Our finding that both queen and brood can reduce the number of eggs laid by workers, but only queens significantly affect oocyte size, suggests that these two reproductive processes are separately regulated by different physiological and neural pathways. Previous studies in solitary insects demonstrated that oviposition is controlled by distinct neural structures different from those that regulate ovary development, and while the former is more likely under direct innervation control, the latter is subject to neuroendocrine regulation (Meola and Lea, 1972; Mouton, 1971; Thomas and Mesnier, 1973). However, separate mechanisms regulating these processes have not been studied in detail in social insects. Our study highlights the importance of distinguishing between different aspects of reproduction and the regulatory mechanisms behind each of them. Ovary activation is a long-term physiological process involving metabolic activity and accompanied by a number of large-scale changes in an organism. Oviposition, however, is a behavioral phenomenon under CNS control. The fact that the brood on its own was capable of affecting oviposition and aggressive behavior but not ovary activation suggests that the effect of brood is limited to behavioral processes (releaser effects) but probably does not encompass other pathways regulating ovary activation over which the queen can exert an influence.

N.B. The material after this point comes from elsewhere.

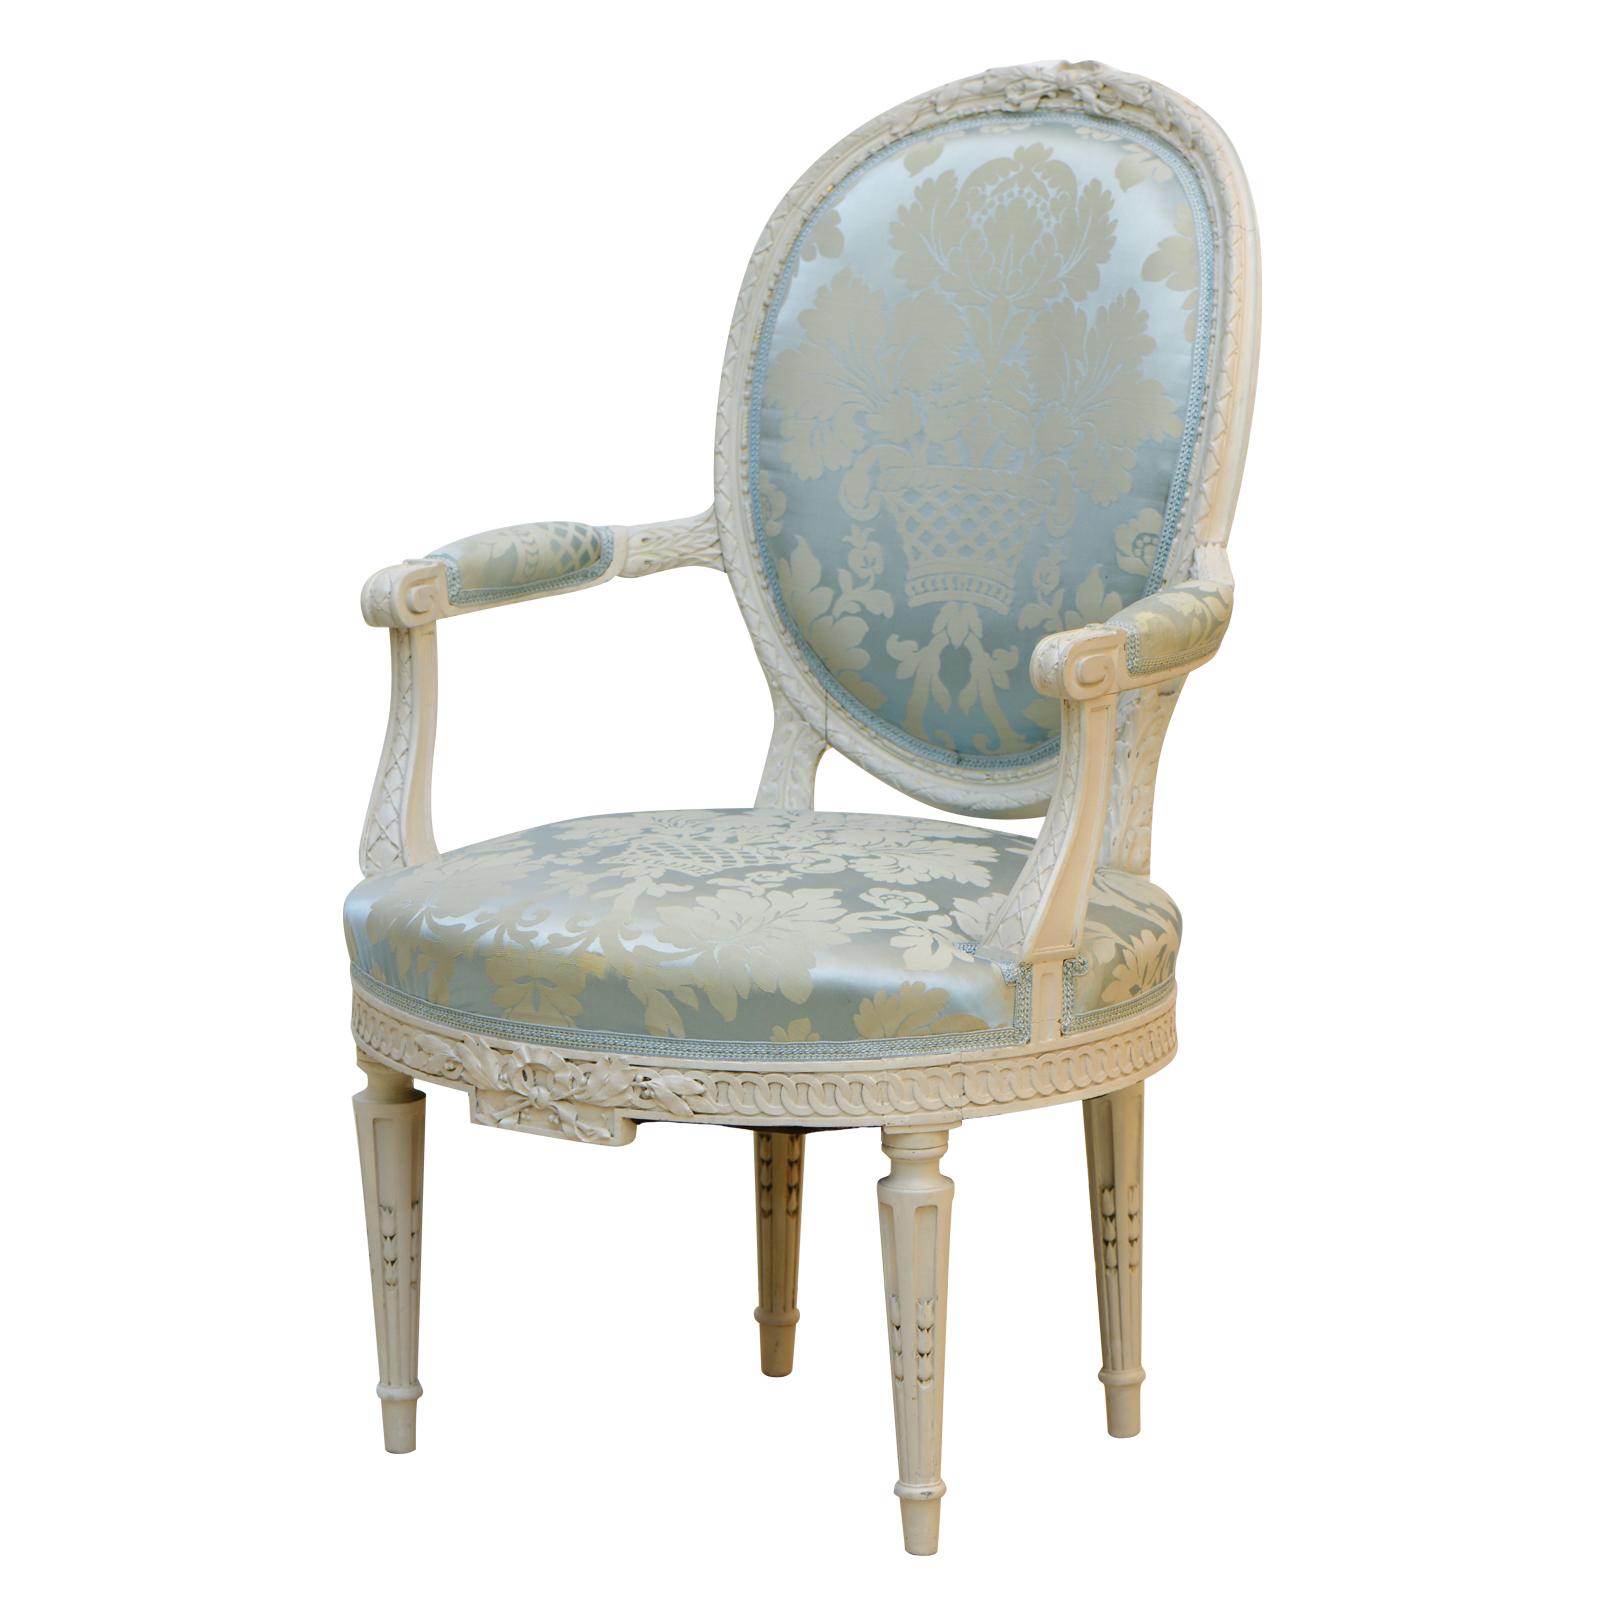 Der Holzrahmen des Sessels LUANA aus Massivholz wurde im hellgrauen Antik-Finish gearbeitet. MIt changierenden bleufarbenen Ornamentik-Stoff *****Hochwertiges aus zweiter Hand bei Phönix Schöner Leben*****

Overall, our study sheds light on the synergetic and additive mechanisms of reproductive regulation and maintenance of social harmony in insect societies beyond queen semiochemicals and paves the way to further studies of multiple interacting factors involved in regulating worker reproduction. However, further research is required to understand other factors at play in this system that were not explored in the current study. These include the specific molecular pathways through which the queen and the brood act and the extent to which the queen herself might be influenced by her brood. We hope that our study will open the way for in-depth research of those questions.

We thank members of the Amsalem Lab for helpful discussions and critical reading of earlier drafts of the manuscript and two anonymous reviewers whose comments have greatly improved this manuscript.